Howdo all, I've just played my first 18 holes and am wanting to start up but I'm getting all sorts of conflicting advice on what I should spend and how many clubs to buy initially. What I'd like from you is a bit of advice as to what makes a good first buy bearing in mind I don't want to go spending a fortune on a sport I've only just taken up. I've seen a set of Mizuno MX-17 irons on ebay for £200 (About $400 at todays crazy exchange rate) and whilst they seem like a good buy for a chap like me, it might be a bit pricey considering I'll need a bag and putter etc. What should I do? Spend less and upgrade later? Get a different set? Please give me your considered opinions.

Mass


----------



## 65nlovenit (Dec 8, 2006)

Definitely spend less, there are all kinds of less expensive equipment out there that will be more then adequate for your needs. Check the Buy & Sell ads in the papers, or any swap shops in your area. Spending a bundle on golf equipment when your not sure that you'll be playing two years from now, is not a great move. Buy a less expensive set, find out if you've really got the bug for golf, you can always flog the old set and buy new equipment on a need to have basis. Good Luck with the hunt.

Del


----------



## Hogan (Jan 23, 2007)

Don't worry too much about the clubs. Develop a good swing and good swing routine.
As a beginner I would advise staying away from the high tech stuff at first. Reason being that the big drivers and rescue clubs, while easier to hit they hide swing flaws. You might try going on ebay and looking for a new, old set like the Tommy Armour 845 Silver Scots. Still the classic design, well made, still played by many good players. It would be the perfect first set and probably could be had for a real bargain. I still have a set and use them occassionally (when my son is not stealing them for himself). Good luck and welcome to the club.


----------



## massbags (Apr 22, 2007)

Thanks, sounds like good advice, I'll check out ebay for the aforementioned bats! I'm going to invest in some lessons to work on the swing. Thanks for taking the time.


----------



## TarDawg (Apr 18, 2007)

I would also suggest the Nike Slingshot OSS clubs. They have an oversize sole on them to help you on your mishits. They also tend to help your ball get in the air easier.


----------



## Butz (Nov 17, 2006)

TarDawg said:


> I would also suggest the Nike Slingshot OSS clubs. They have an oversize sole on them to help you on your mishits. They also tend to help your ball get in the air easier.


Hey,

I do not know what happened to my previous post here, but, I just wanna share that there is no harm if you will buy "slightly used" Golf Iron set.

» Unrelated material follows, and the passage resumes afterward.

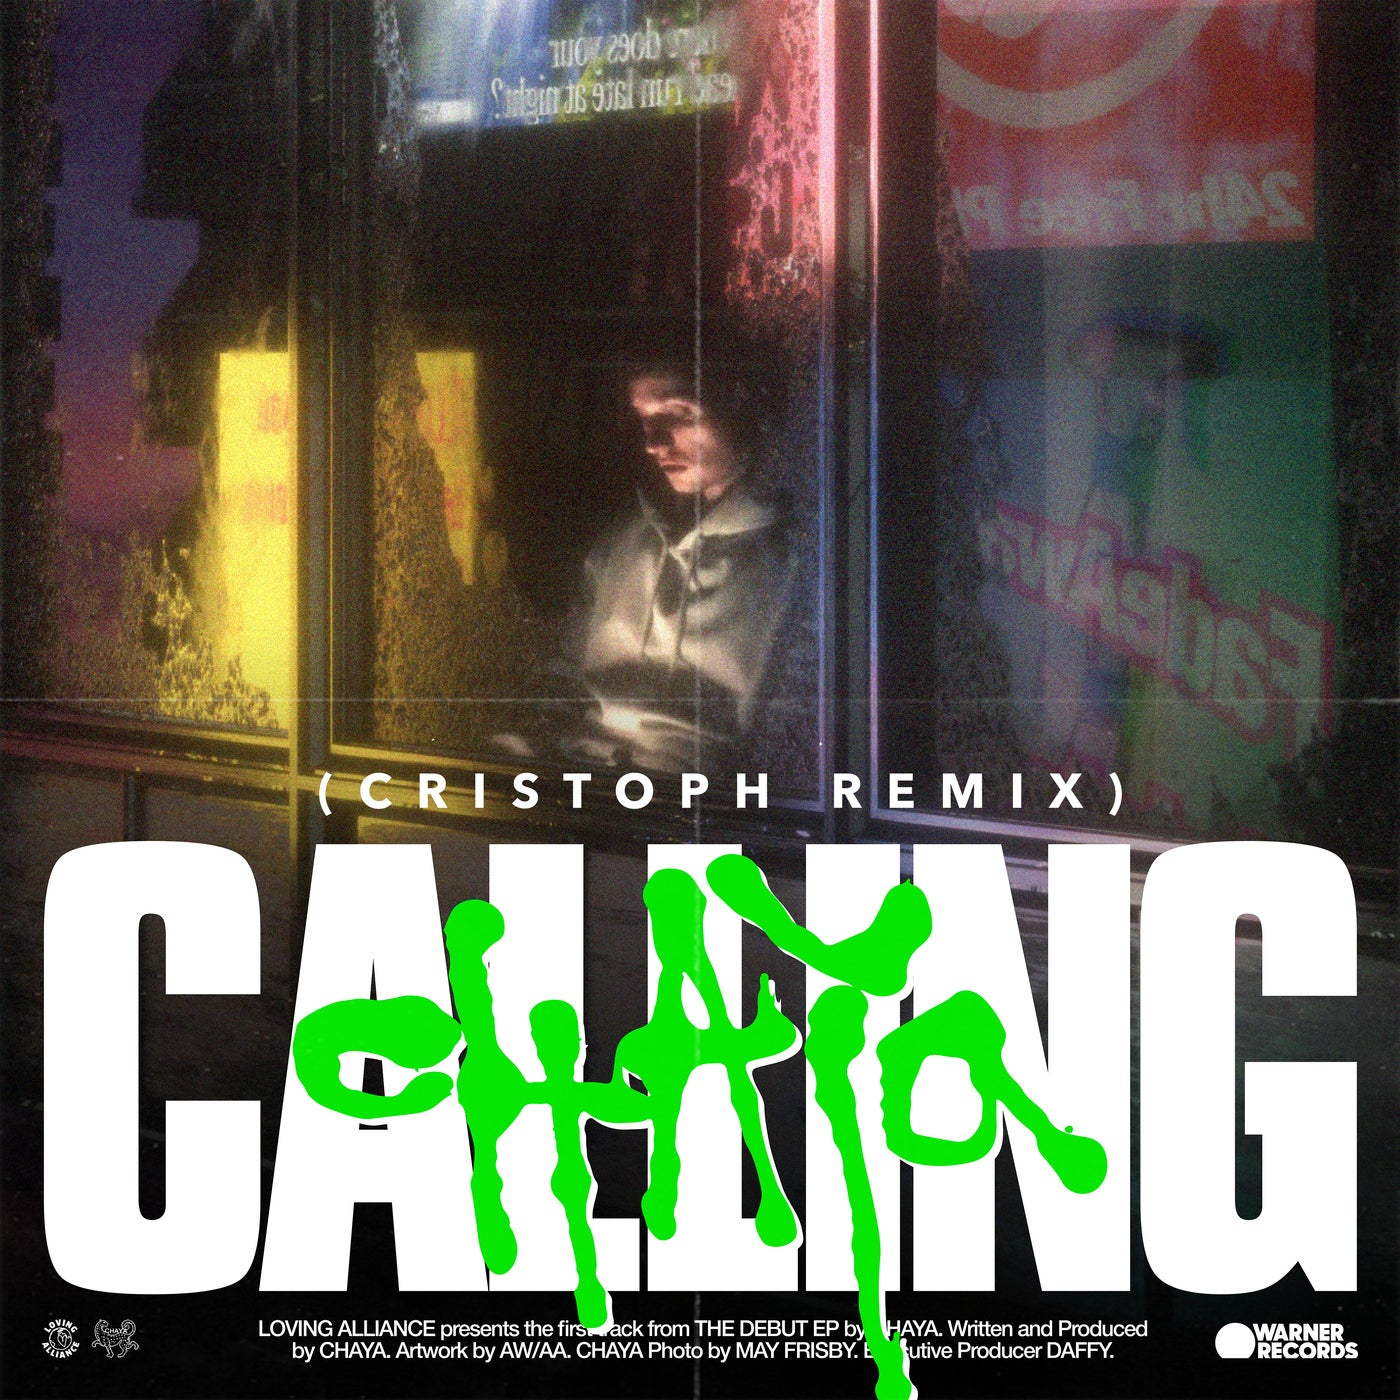 Calling (Cristoph Remix)

Such as TaylorMade RAC OS ( Oversize ) and Cavity back.

I think for newbies like us, it's an advantage for us to used an Oversize clubhead for Forgiveness and better control.

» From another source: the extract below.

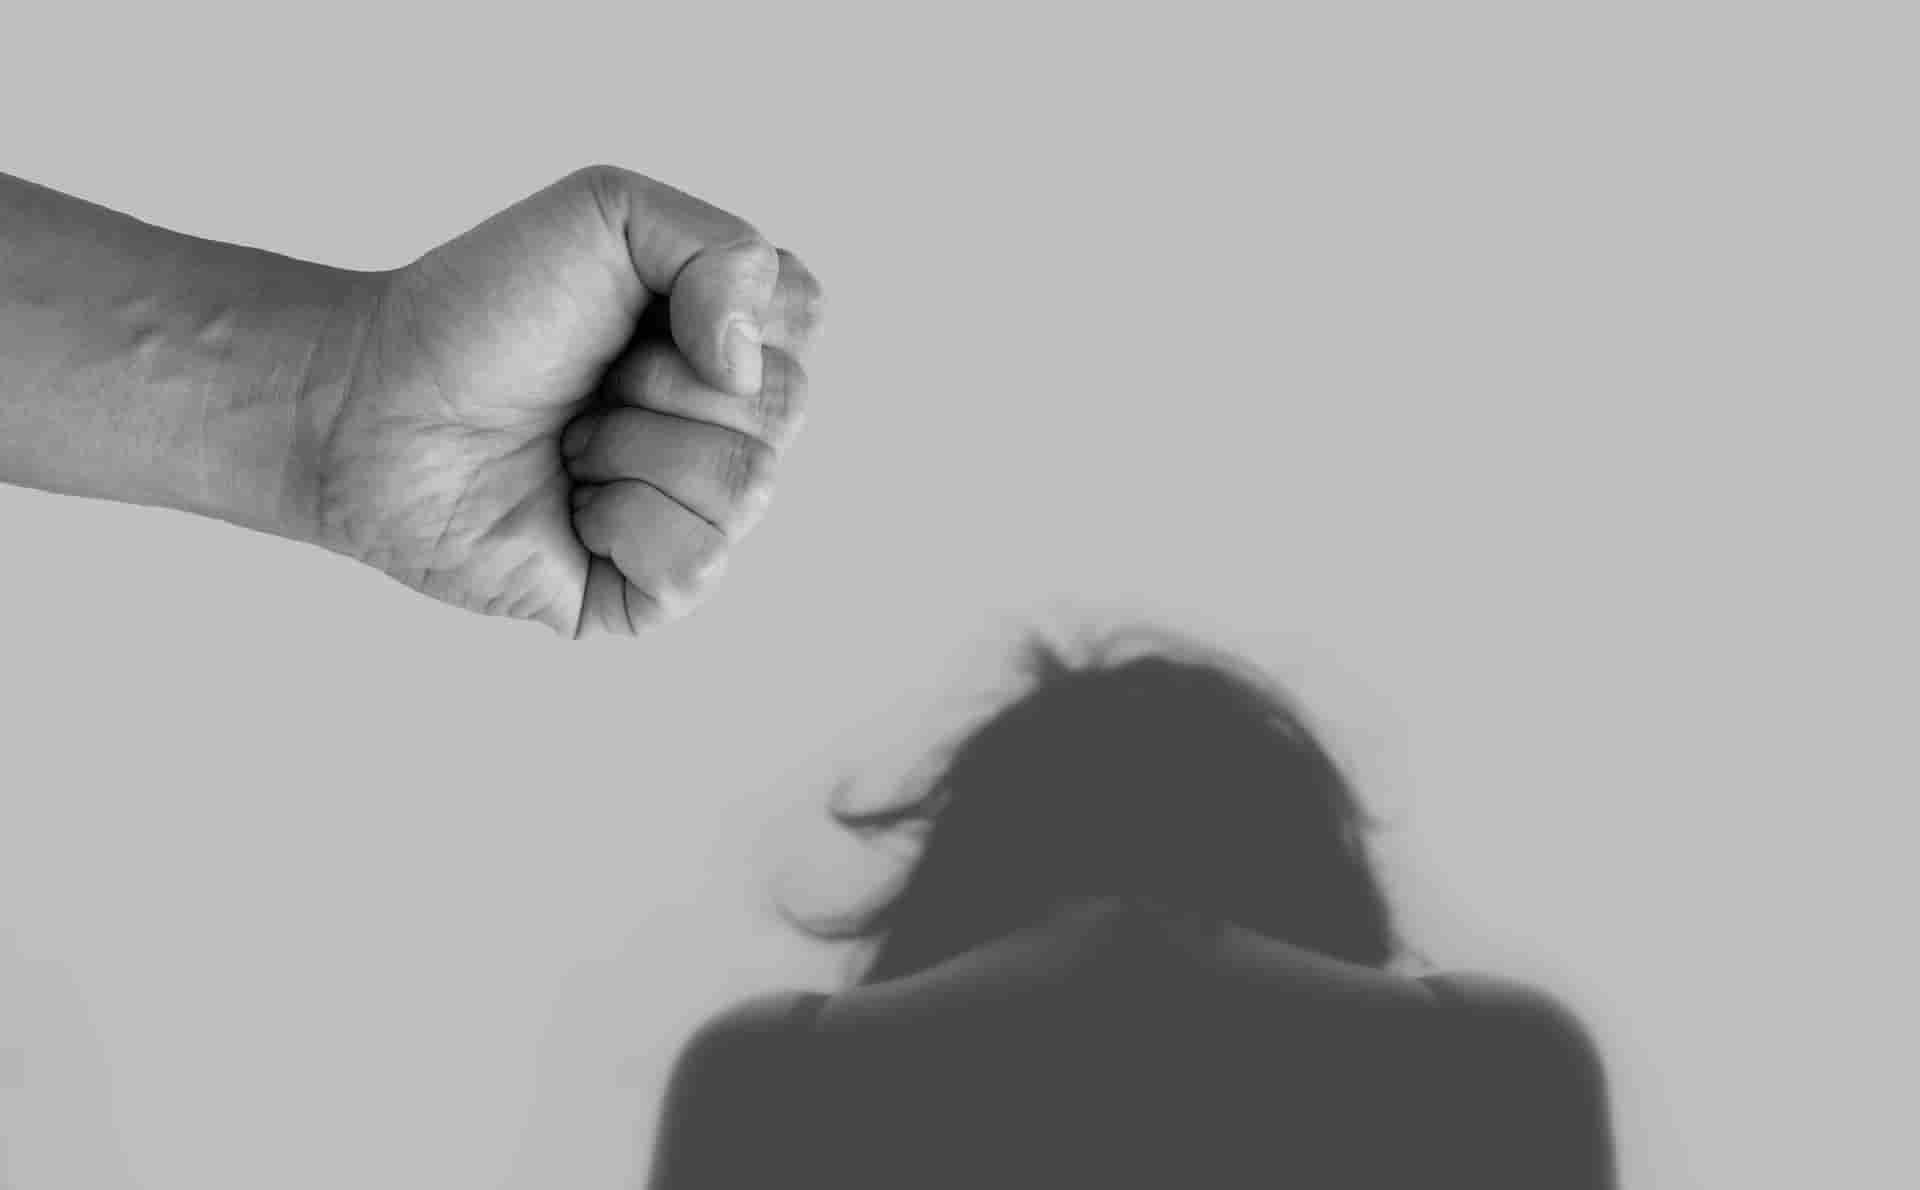 violencia machista contra la mujer

Lastly, it's also very important for you to customized your iron set based according to your club length, lie angle and grip.


----------



## marto97 (Mar 29, 2007)

There are a lot of good clubs on the market for beginners. here are a couple of articles that should help you.
The Golfaholic


----------



## js292 (Mar 29, 2007)

I bought most of x-tours used from Callaway outlet and even found some new on ebay for less than the preowned ones.I probally spent too much for my first set but I was not aware of this site for all it's good advise when I started collecting my clubs. Still saved alot rather than buying new though.


----------